Sin encontrar respuesta, vuelve de cada caminata de no más de un cuarto de hora, que es lo que aguanta caminando con la mascarilla que lo ahoga, y sin darse cuenta, cuando deja los zapatos a la entrada, se oye pensar lo mismo, con las mismas palabras.

martes, 1 de septiembre de 2020


 

¿Qué hacen los grandes con el tiempo?¿Qué hace el abuelito de Nora, que camina tan despacio? ¿Qué hacen los que miran el reloj a cada rato? Ahora que estamos todos juntos en la casa y no nos dejan salir ni a jugar en la vereda, papá dice que hay que matar el tiempo. Pero matar es mucho, creo yo, aunque no se lo digo ni a mi hermana.
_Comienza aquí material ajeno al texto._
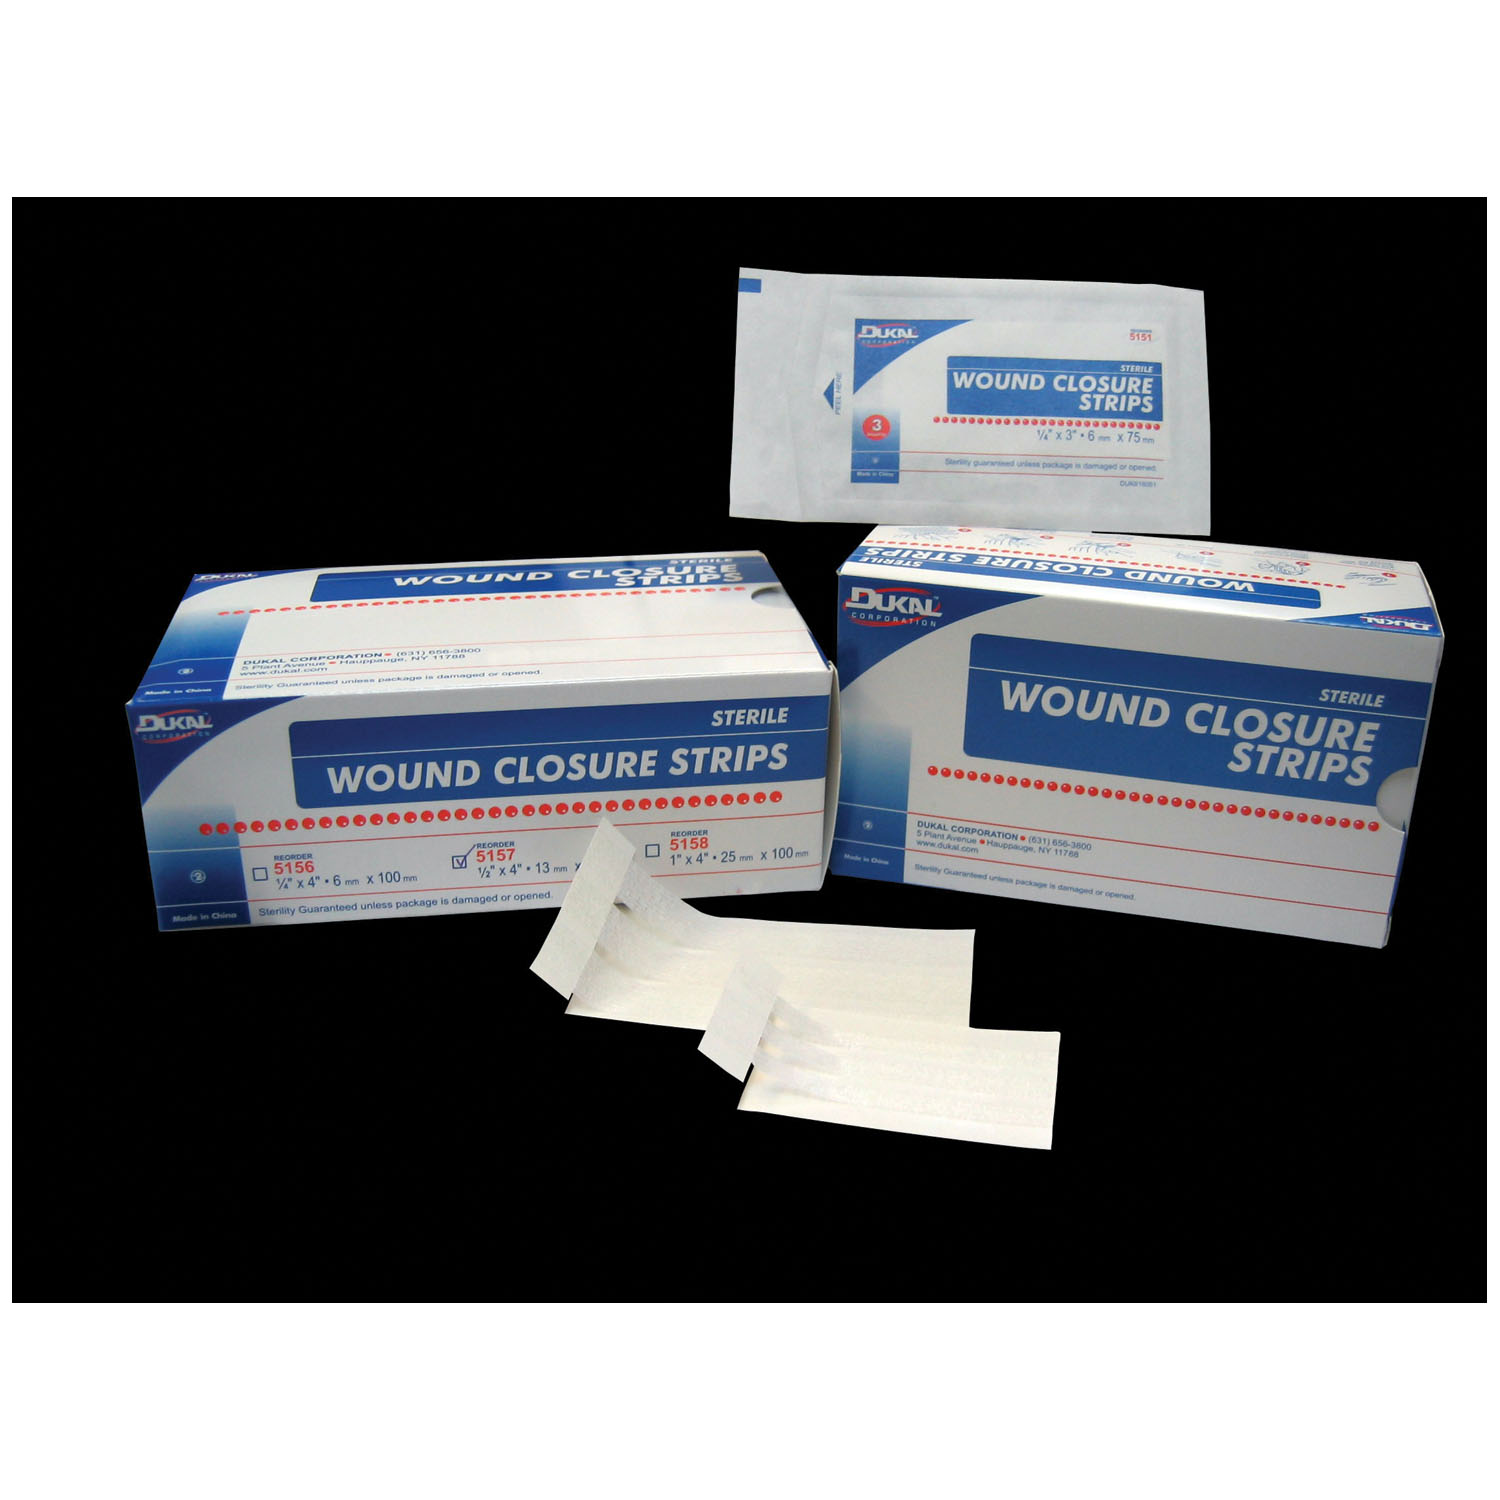 DUKAL WOUND CLOSURE STRIPS : 5151 CS $139.47 Stocked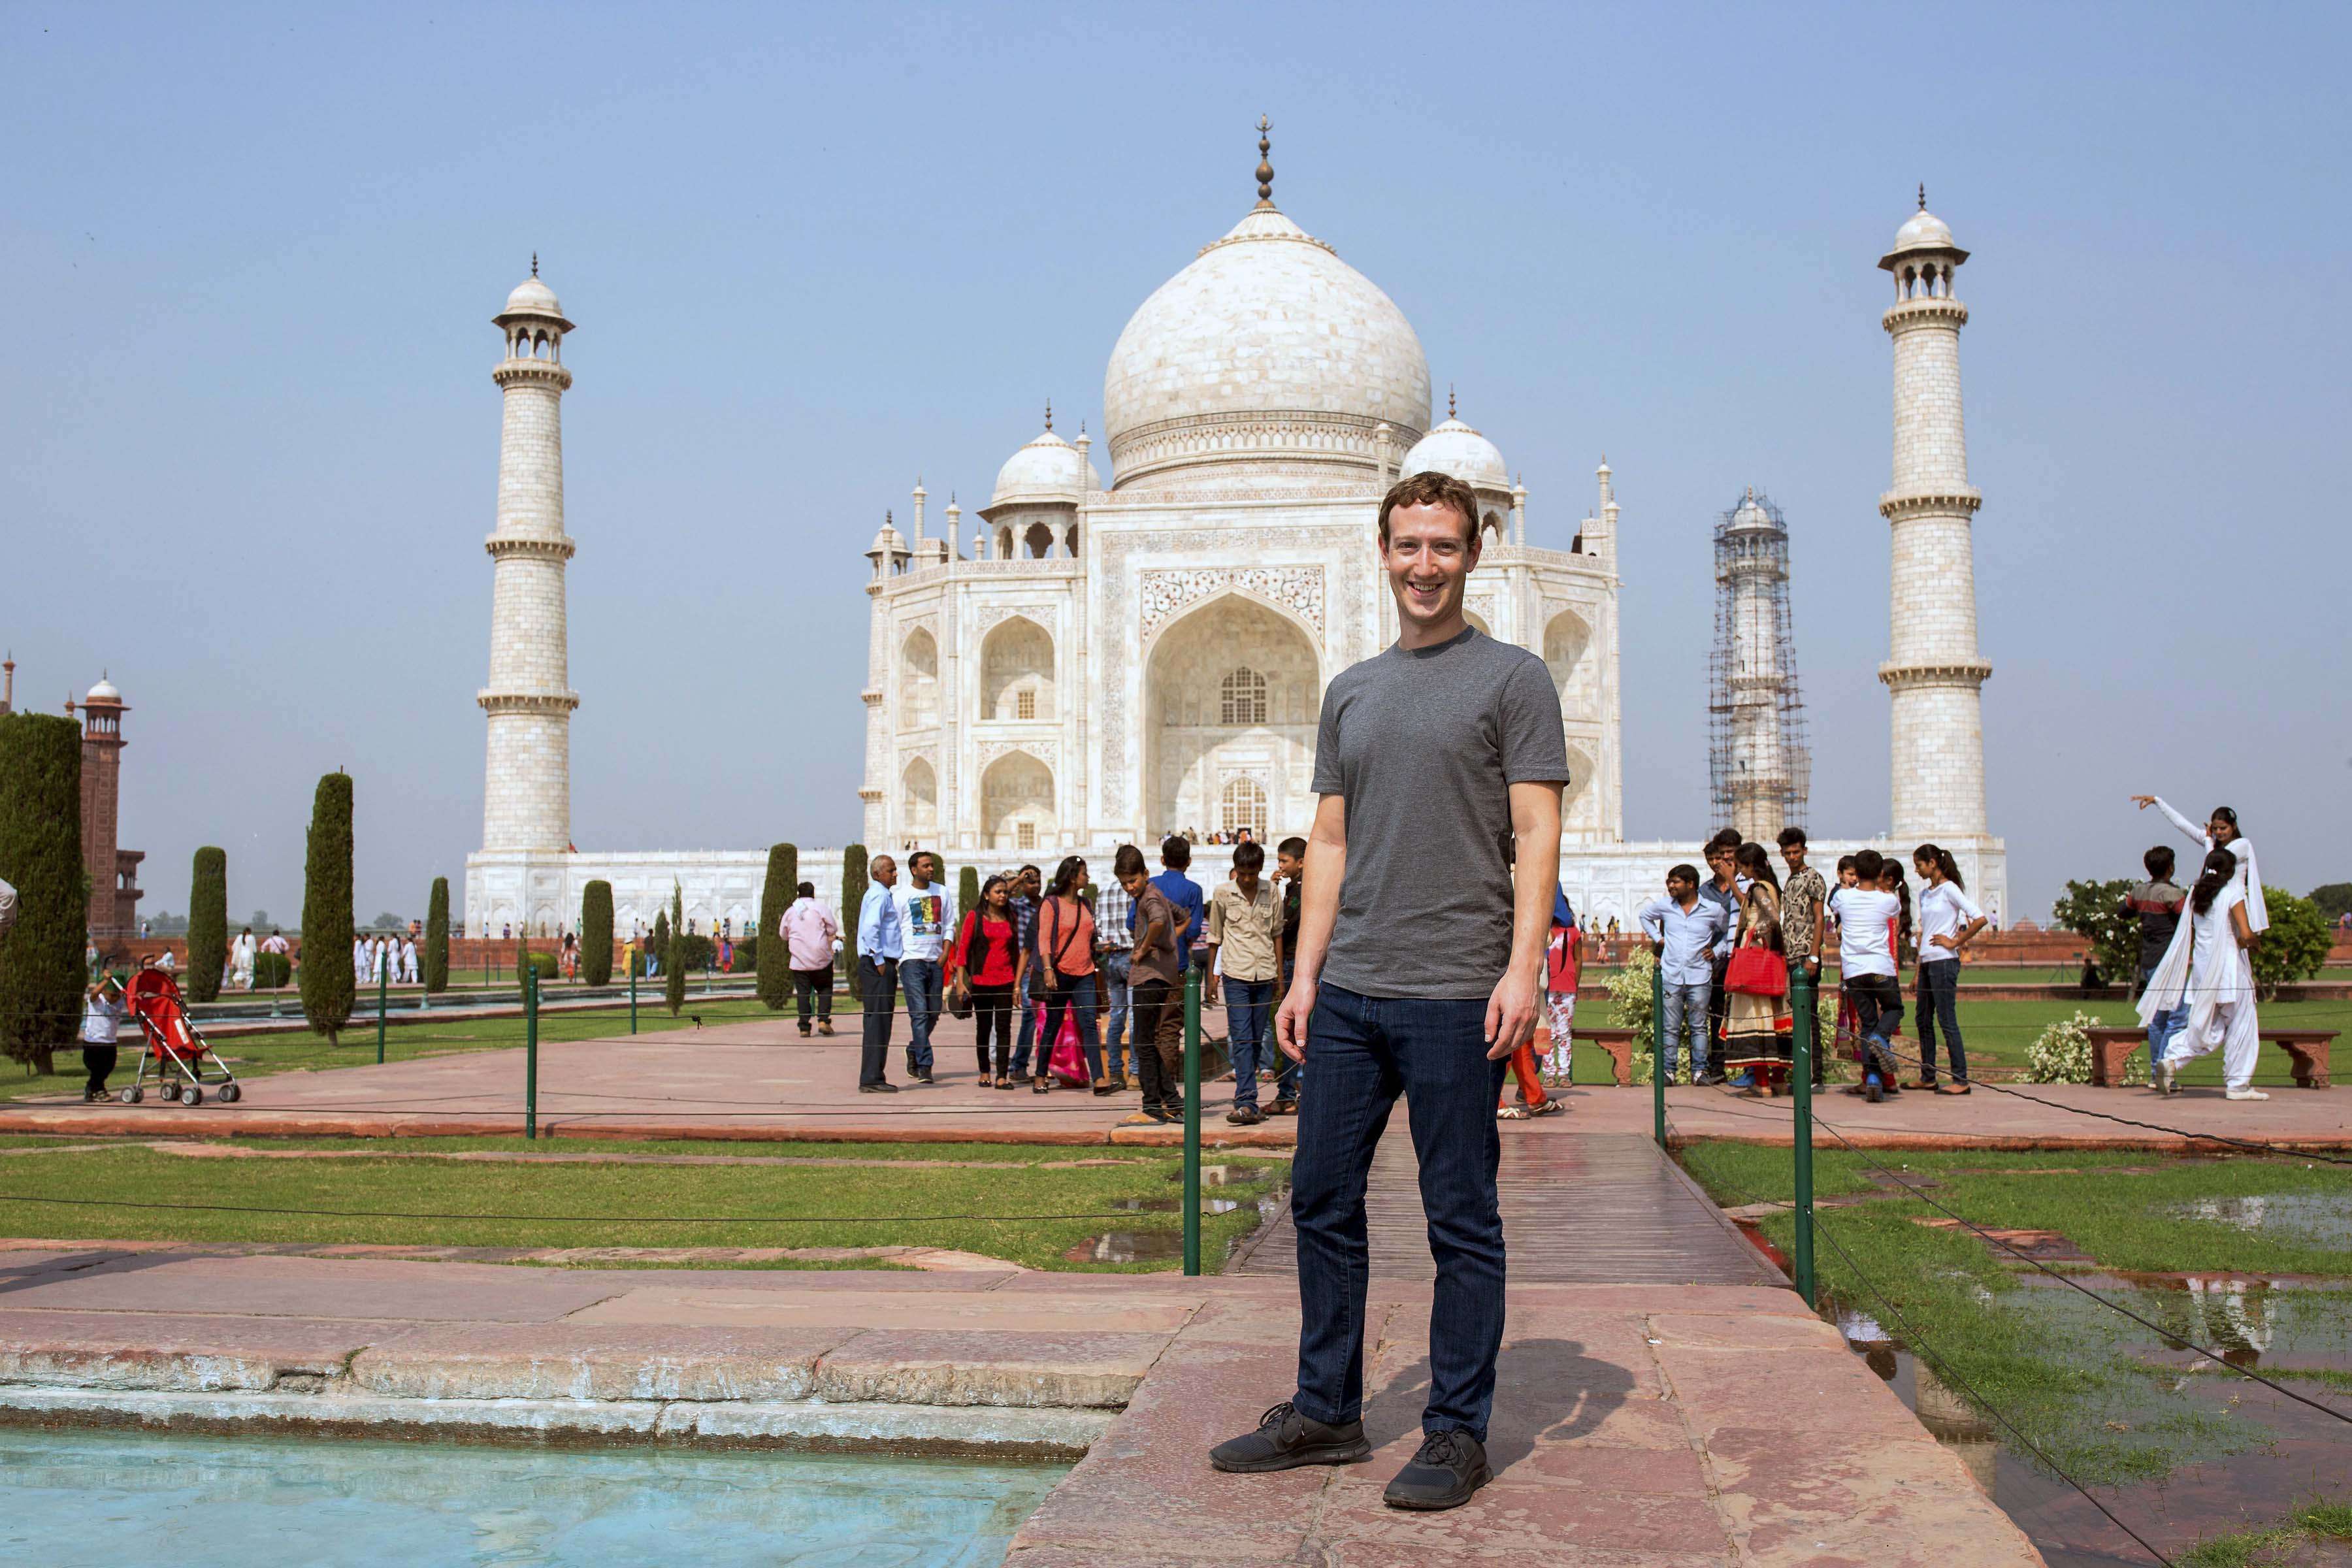 Agra:  Founder & CEO, of Facebook, Mark Zuckerberg pose for photo during his visit at Historical Taj Mahal in Agra on Tuesday. PTI Photo(PTI10_27_2015_000289B)

Matar es lo que hacen en las películas con los que se portan mal y en las más tristes hasta con los buenos. ¿Cómo voy a matar eso que va pasando y que está ahí cuando me despierto en la mañana?


 

En el aburrimiento de esos días, escarbando y buscando algo que no haya visto, encuentra una película que vio, saca la cuenta, hace 44 años. Hay escenas que le parecen nuevas, nunca vistas, y hay otras que recuerda, se dice tapándose la cara con las manos, como si las hubiera visto la semana pasada. Cuarenta y cuatro años, se repite. Cuarenta y cuatro ya, como si nada. ¿Qué pasará en otro casi medio siglo, cuando este encierro sea una película, si hay, con colores gastados?


 

El dedo con el que llamó el ascensor. El dedo con el que prendió la luz al entrar a la casa. Un dedo propio, ajeno. Un dedo amenazante.